■ What the task requires: Apart from the pictures, the listing is to be returned exactly.

■ Input data:
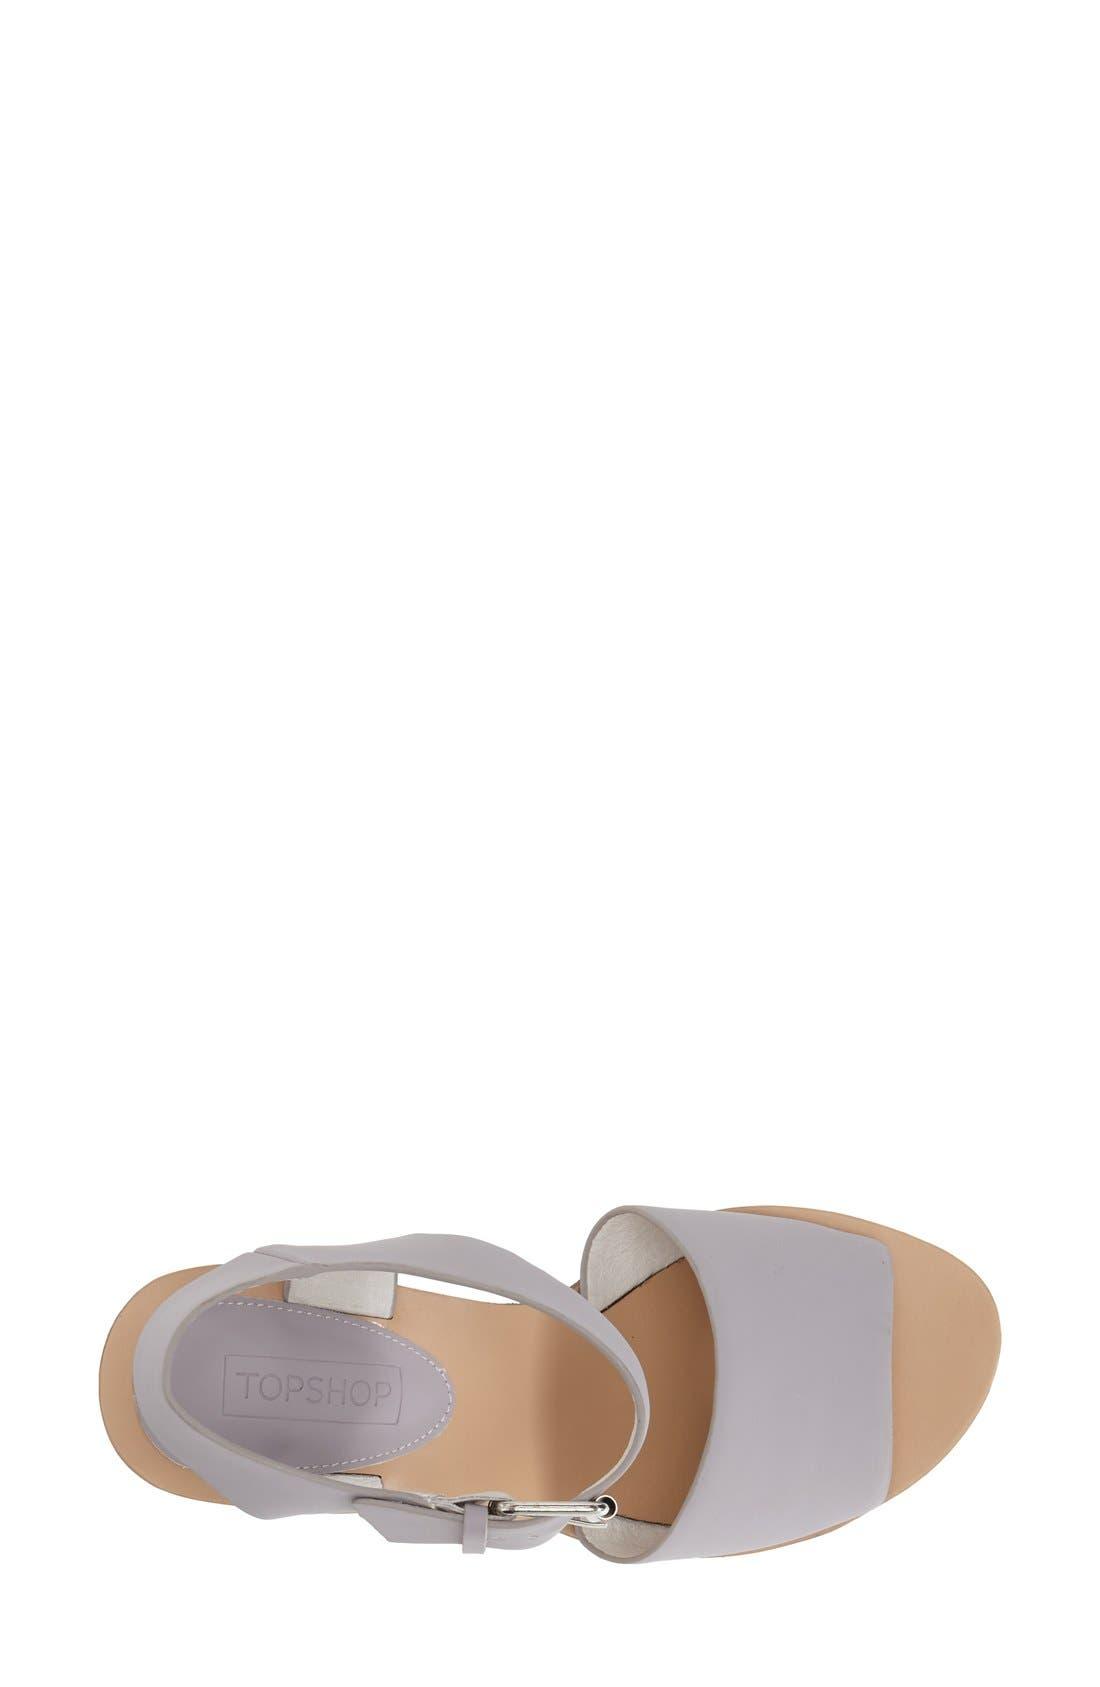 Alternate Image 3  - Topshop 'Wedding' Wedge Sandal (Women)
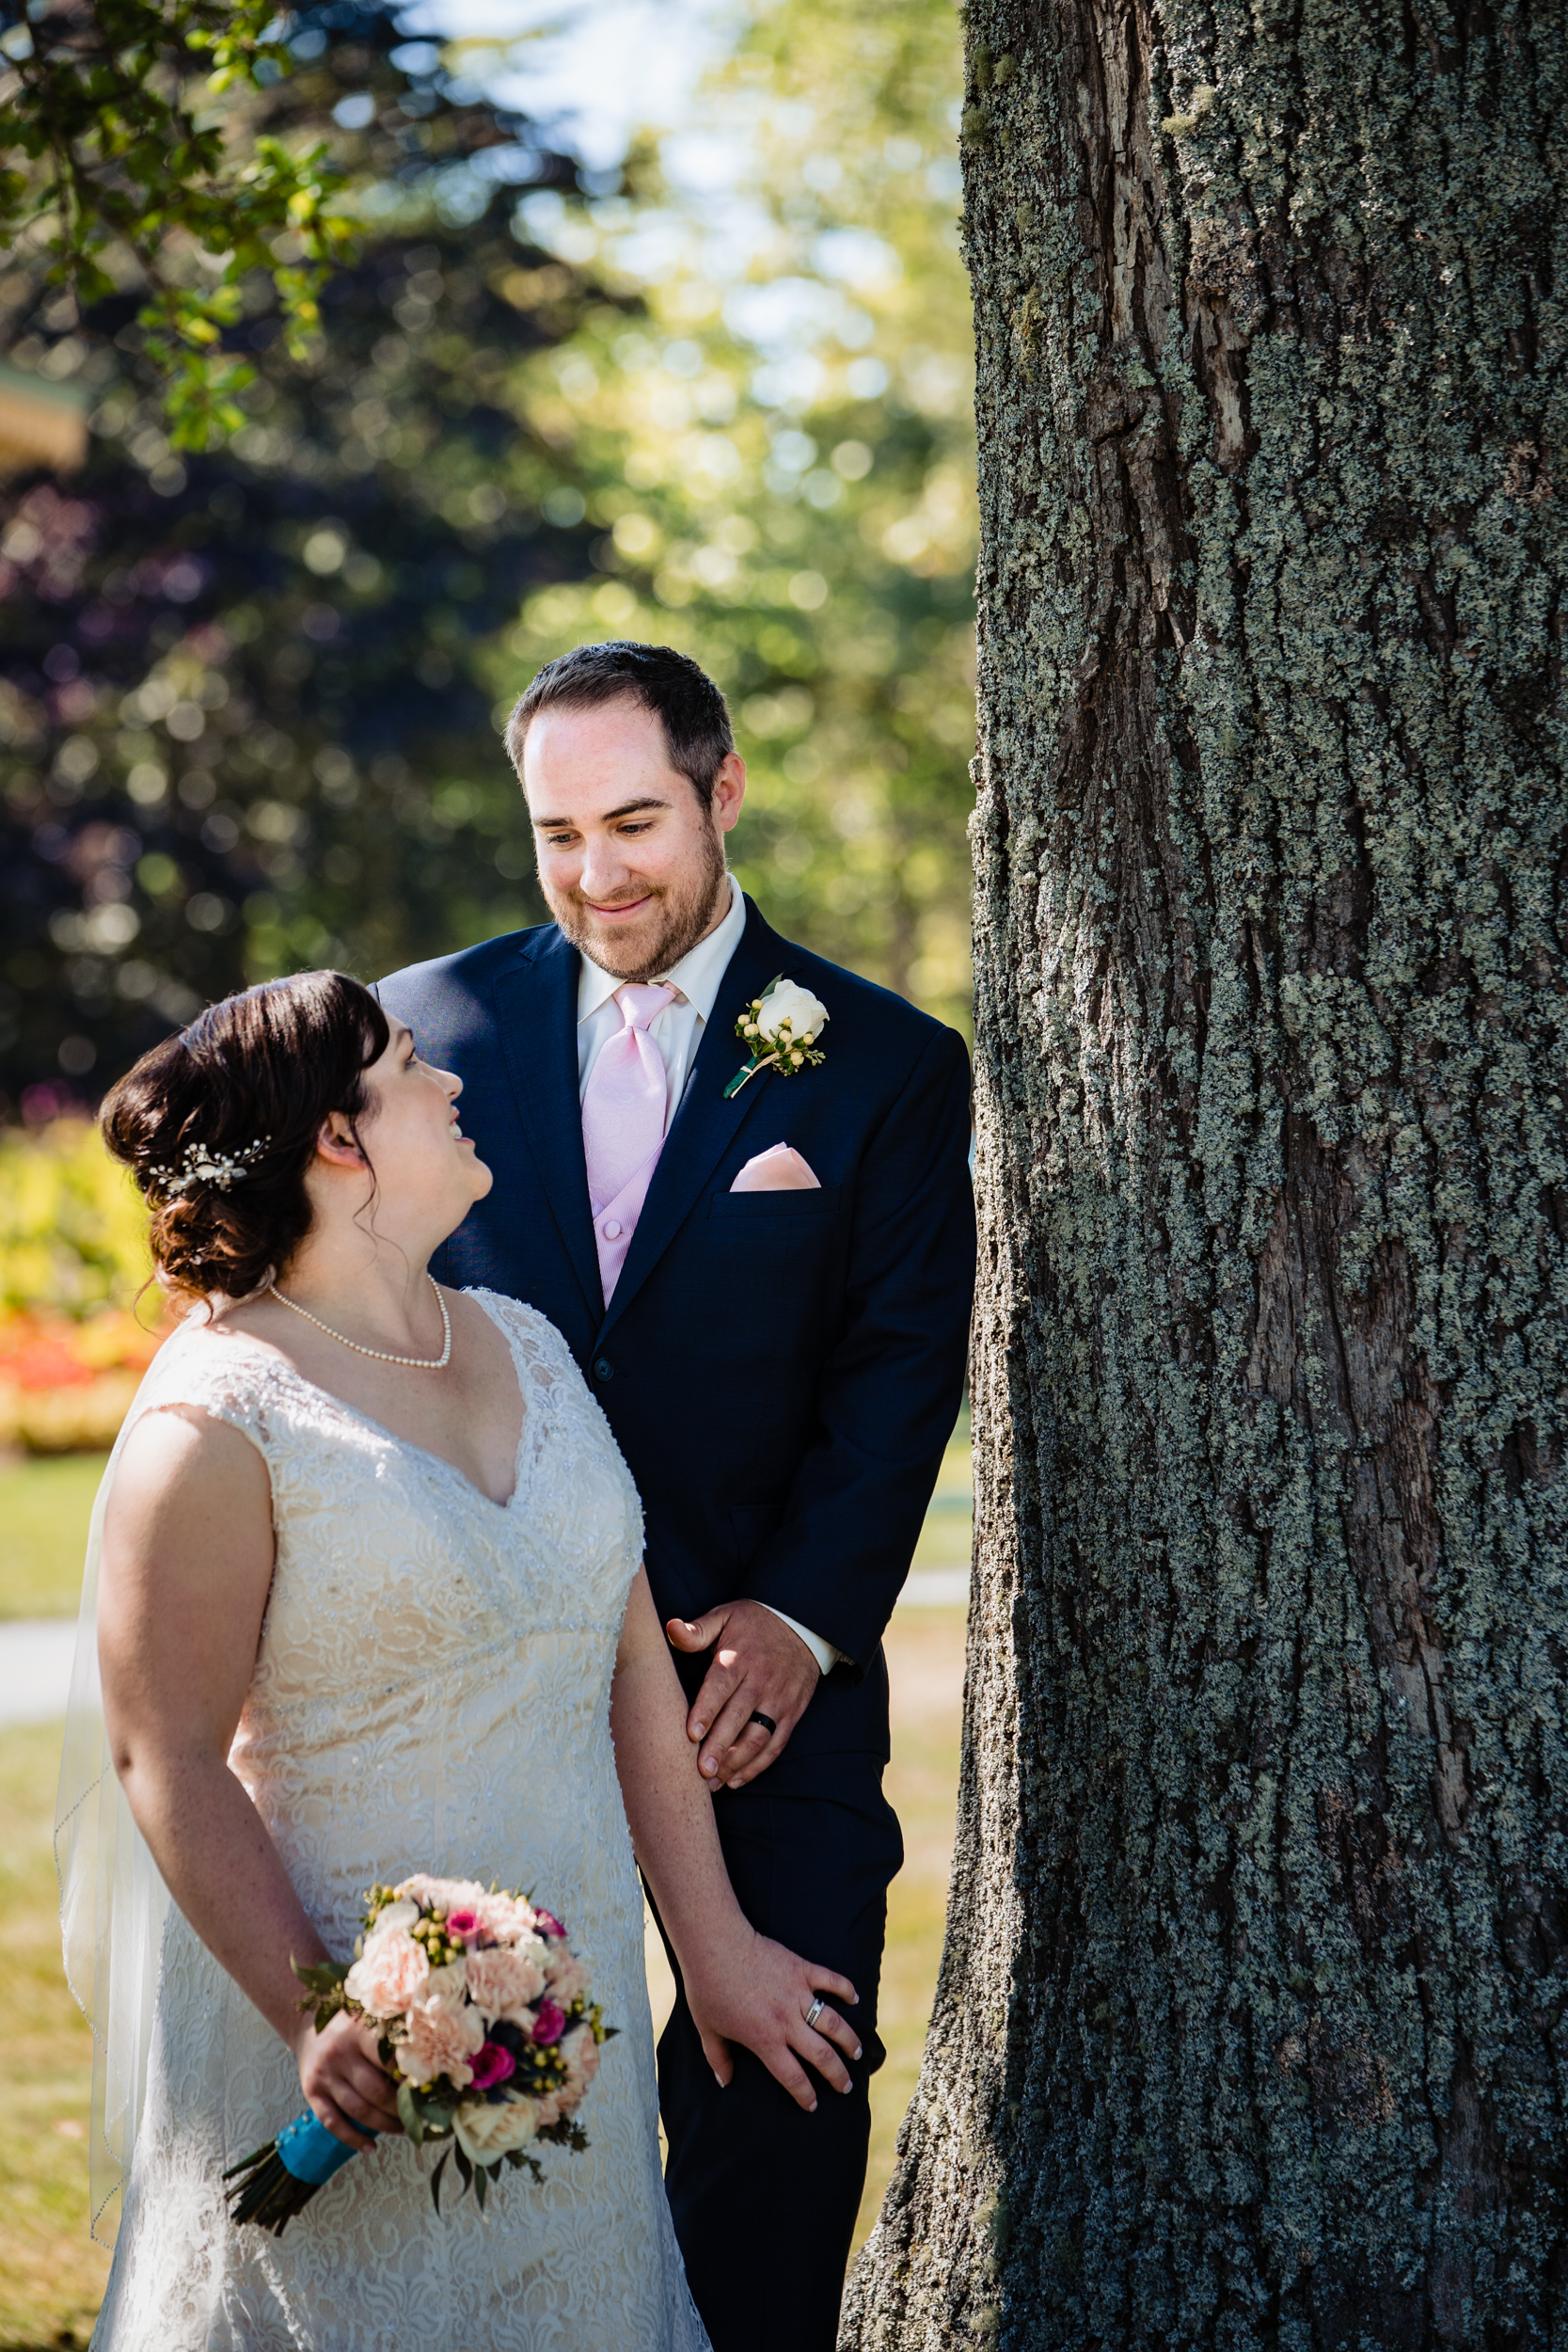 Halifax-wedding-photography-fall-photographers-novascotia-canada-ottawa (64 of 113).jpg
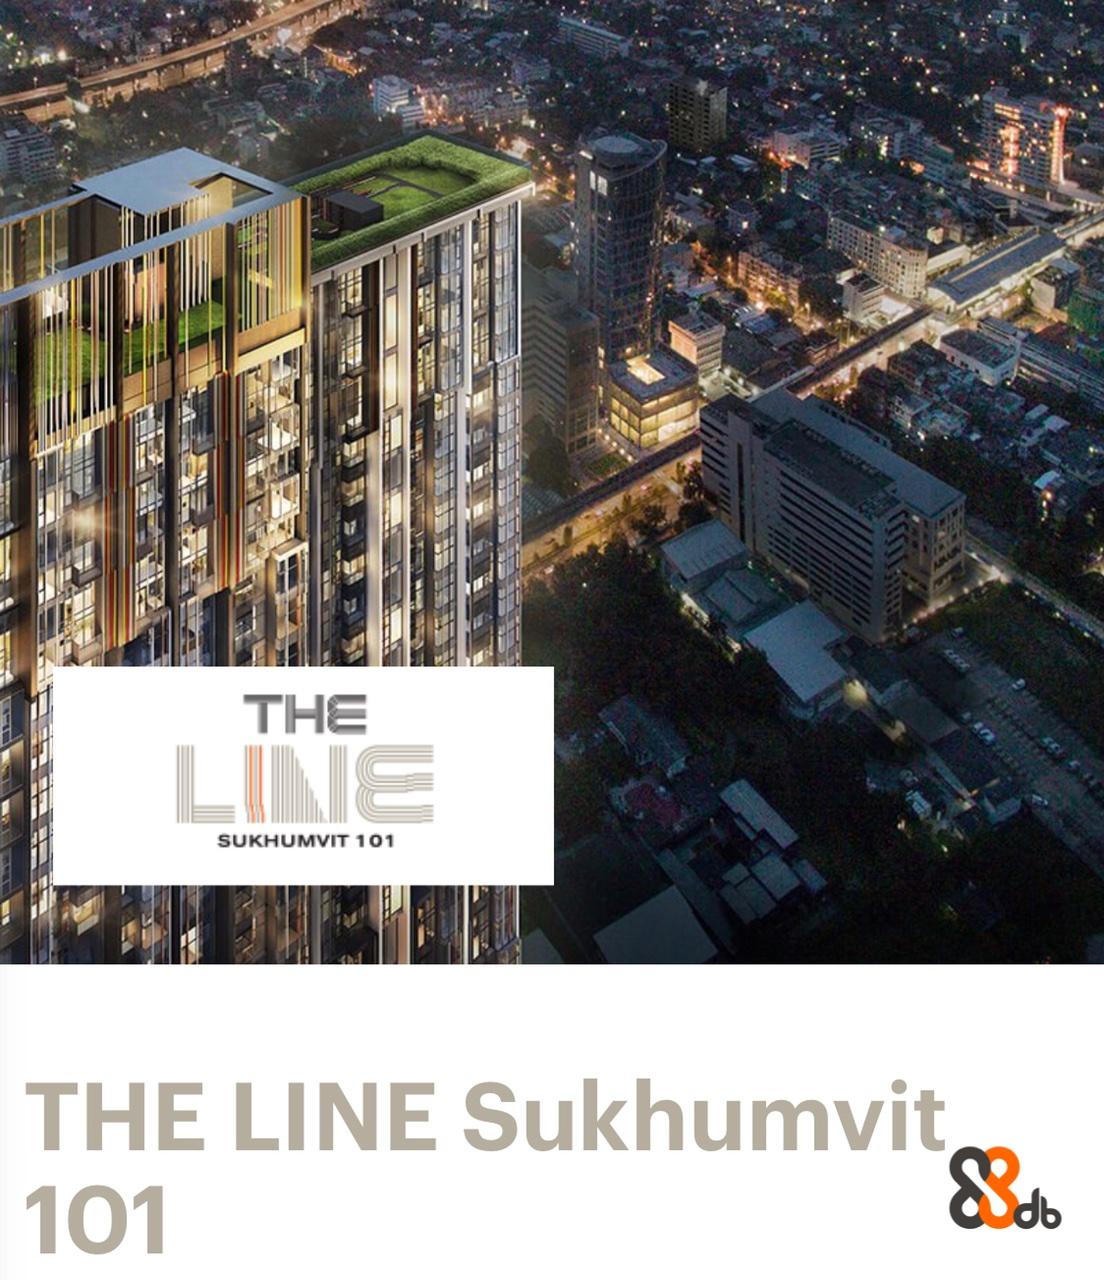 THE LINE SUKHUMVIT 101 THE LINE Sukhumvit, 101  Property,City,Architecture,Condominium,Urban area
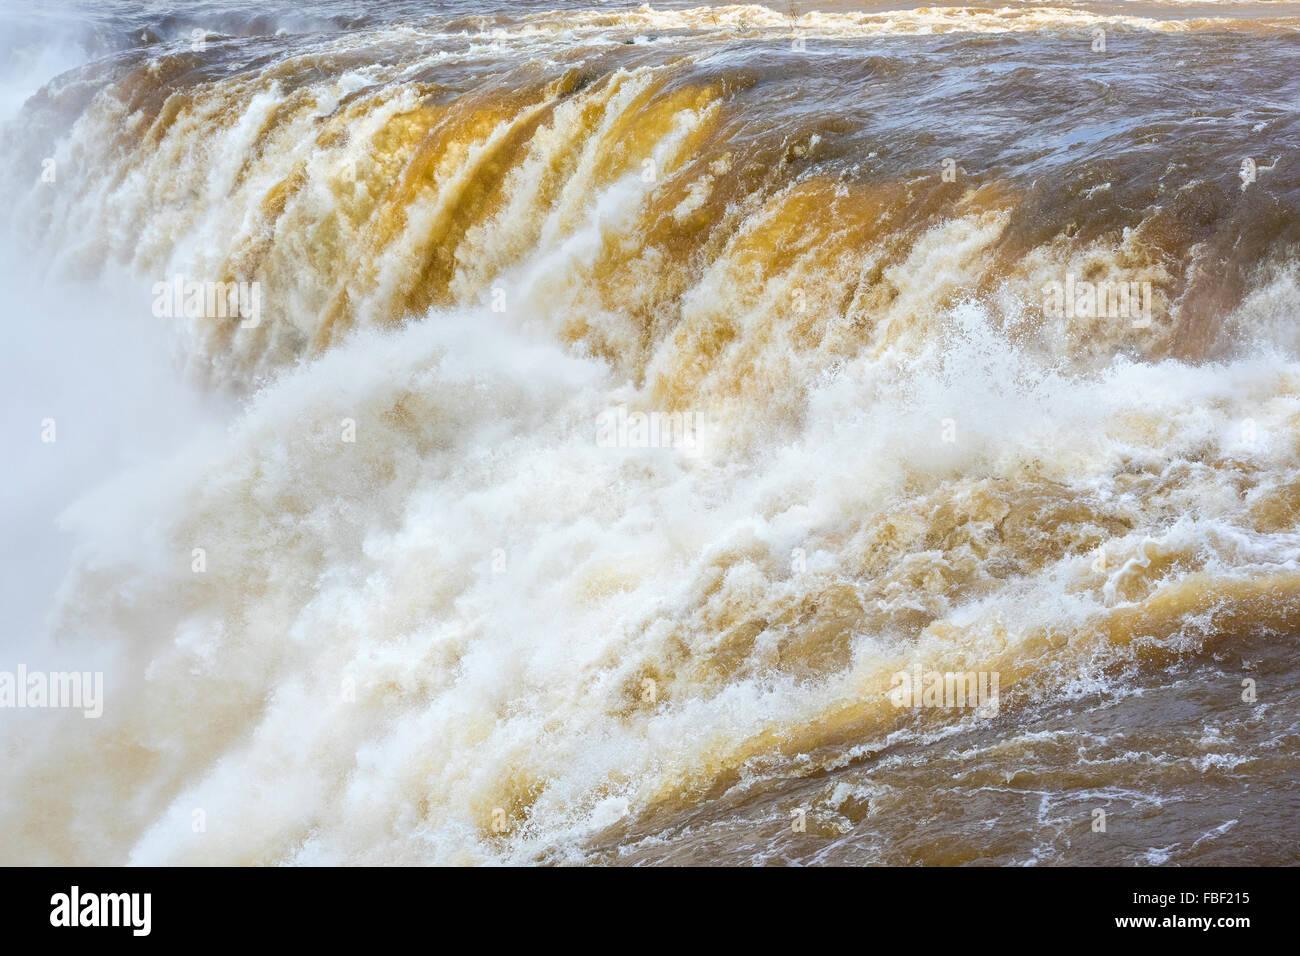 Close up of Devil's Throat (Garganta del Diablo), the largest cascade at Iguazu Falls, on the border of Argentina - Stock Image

■ Output for this task:
 Alternate Image 3  - Topshop 'Wedding' Wedge Sandal (Women)
 Halifax-wedding-photography-fall-photographers-novascotia-canada-ottawa (64 of 113).jpg
 THE LINE SUKHUMVIT 101 THE LINE Sukhumvit, 101  Property,City,Architecture,Condominium,Urban area
 Close up of Devil's Throat (Garganta del Diablo), the largest cascade at Iguazu Falls, on the border of Argentina - Stock Image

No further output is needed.